We also must list structured data players with Outerbay acquired by HPE, Princeton Softech acquired by IBM, TierData and Applimation acquired by informatica, Indusa acquired by Synoptek, Sand acquired by Harris Computer, RainStor acquired by Teradata, Solix still independent and of course native databases vendors offerings. The idea here is to reduce active database size by offloading records to secondary databases keeping the capability to request to the active, archive and both data sets. The active or hot database thus with its size reduced delivers fast queries numbers and results.
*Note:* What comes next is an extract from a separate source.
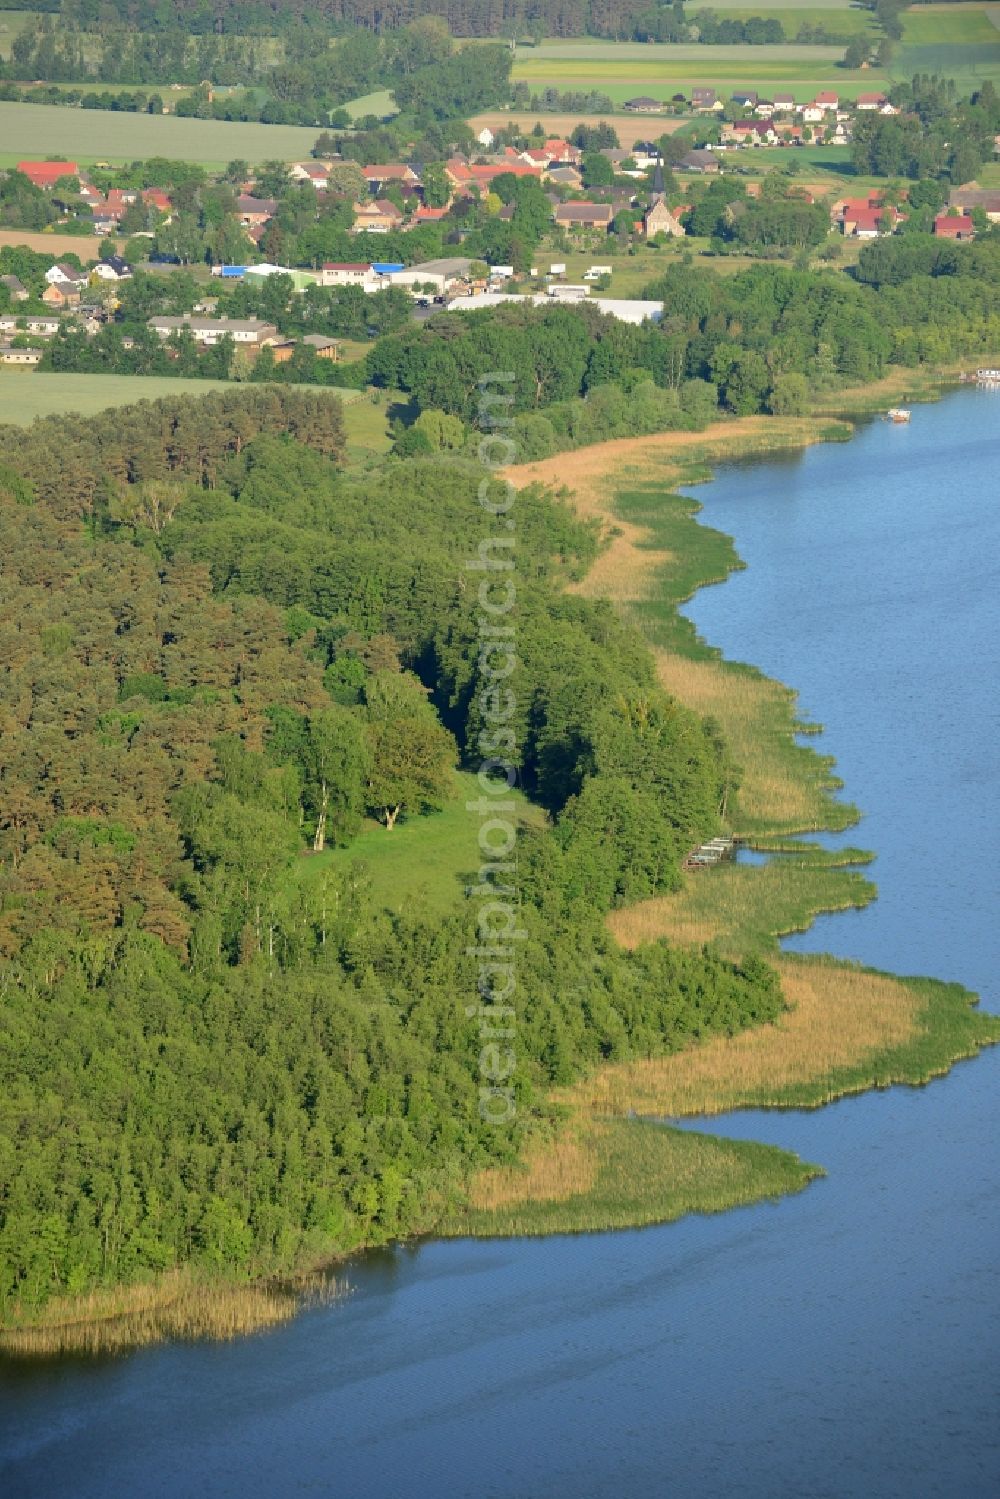 Aerial image Löwenberger Land - Shores of Dreetzsee lake in the borough of Loewenberger Land in the state of Brandenburg. The lake is surrounded by trees and forest, the next village is the Grueneberg part of the borough. The background shows the Teschendorf part
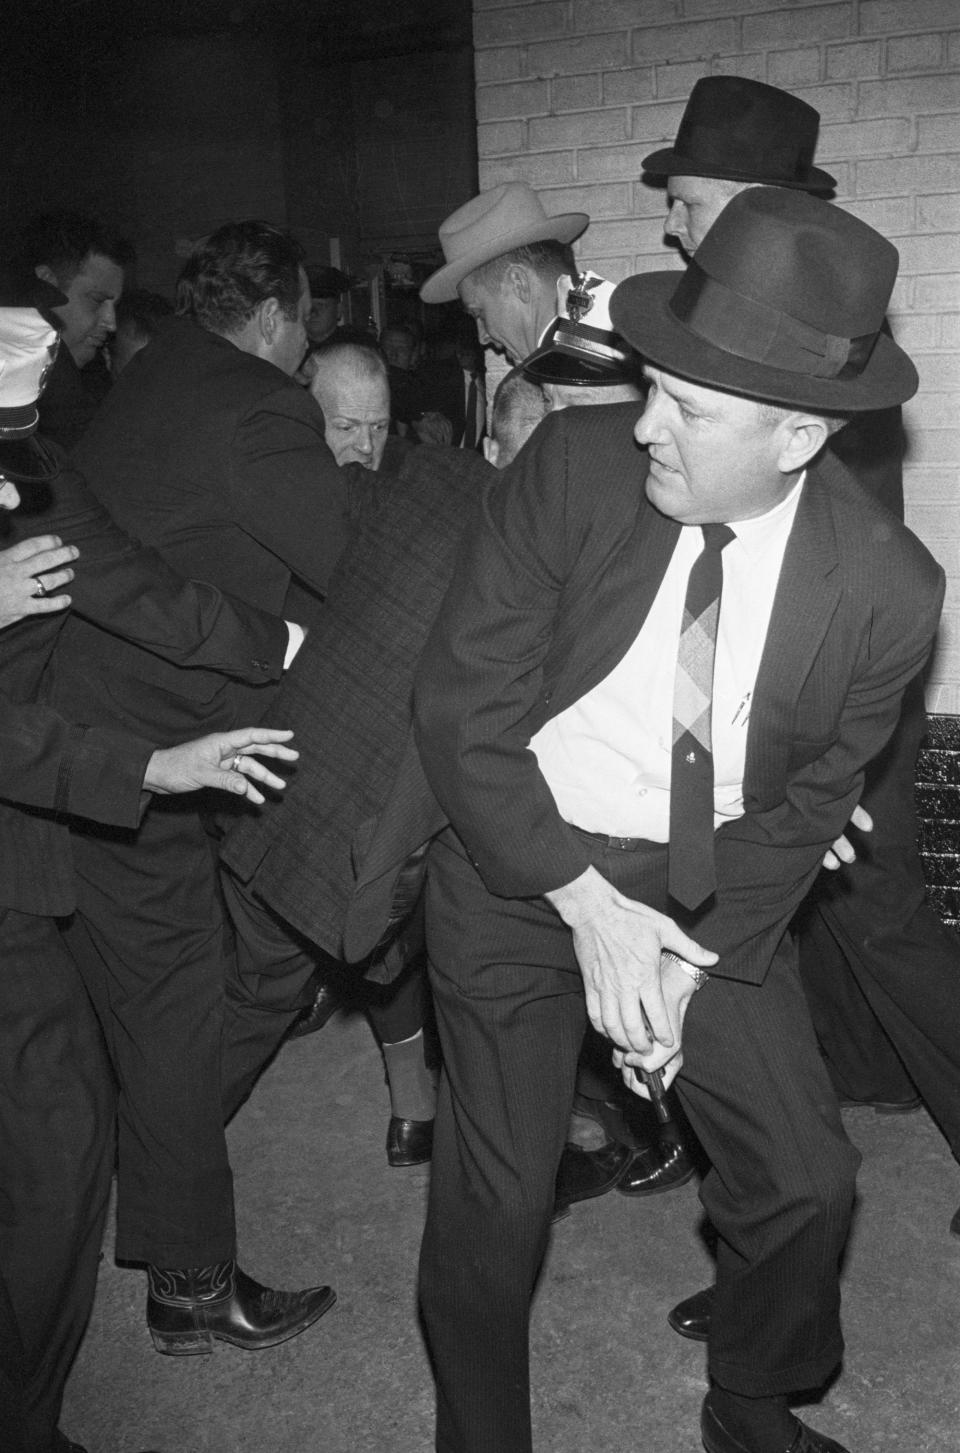 <p>Dallas police struggle with Jack Ruby, after the nightclub owner shoots the alleged assassin Lee Harvey Oswald in a corridor of Dallas police headquarters, Nov. 24, 1963. The officer in the foreground holds the gun Ruby used. (Photo: Bettmann/Getty Images) </p>

Three key technologies and services appeared and confirmed their needs, they’re flash, object and cloud storage. All these illustrate that tiering is ubiquitous in our world. Users can tiered data to on-premises object storage or to cloud storage especially if they mix SSDs and HDDs using different generations of file servers and NAS. This more recent data management model grouping tiering, migration, analytics, classification, indexing and search, replication/DR, tape/optical and cloud support, worm capabilities… is covered by many many vendors such as Aparavi, Atempo, Congruity360, Data Dynamics, Datadobi, FujiFilm, Grau Data, Hammerspace, HPE DMF, HPSS, IBM, Komprise, Moonwalk, Nodeum, Point Software and Systems, QStar, Quantum, Spectra Logic, StrongBox, Tiger Technology, Versity… among others and of course with offerings from big gorillas as well.

So today, we have several storage entities available to deploy projects aligned to applications goals: flash/SSD, HDD, tape and S3 with on-premises object storage or cloud storage. Keep in mind here that some are media technologies and others access methods.

The market has also invited us to consider some radical new approaches. In fact to avoid multiple tiers, the solution must beat the cost of an other tier if it’s an on-premises product and even cloud storage pricing considering the data management extra cost as well. The example we have in mind is an all-flash scalable NAS solution with advanced data reduction and erasure coding that beats the cost of HDDs. In that, users can store all data on the same tier, a flash one at the best price. It reduces complexity, it doesn’t mean such model beats cloud storage and also addresses the energy bill. Keep in mind when you wish to store 10PB online fully accessible for 10 years, do you need this, or do you accept a bit more latency for a drastic cost reduction. We don’t make any recommendation as each project is different but keep in mind the 3 dimensions that impact a storage solution: the data reduction ratio, the erasure coding hardware overhead ratio and the energy factor.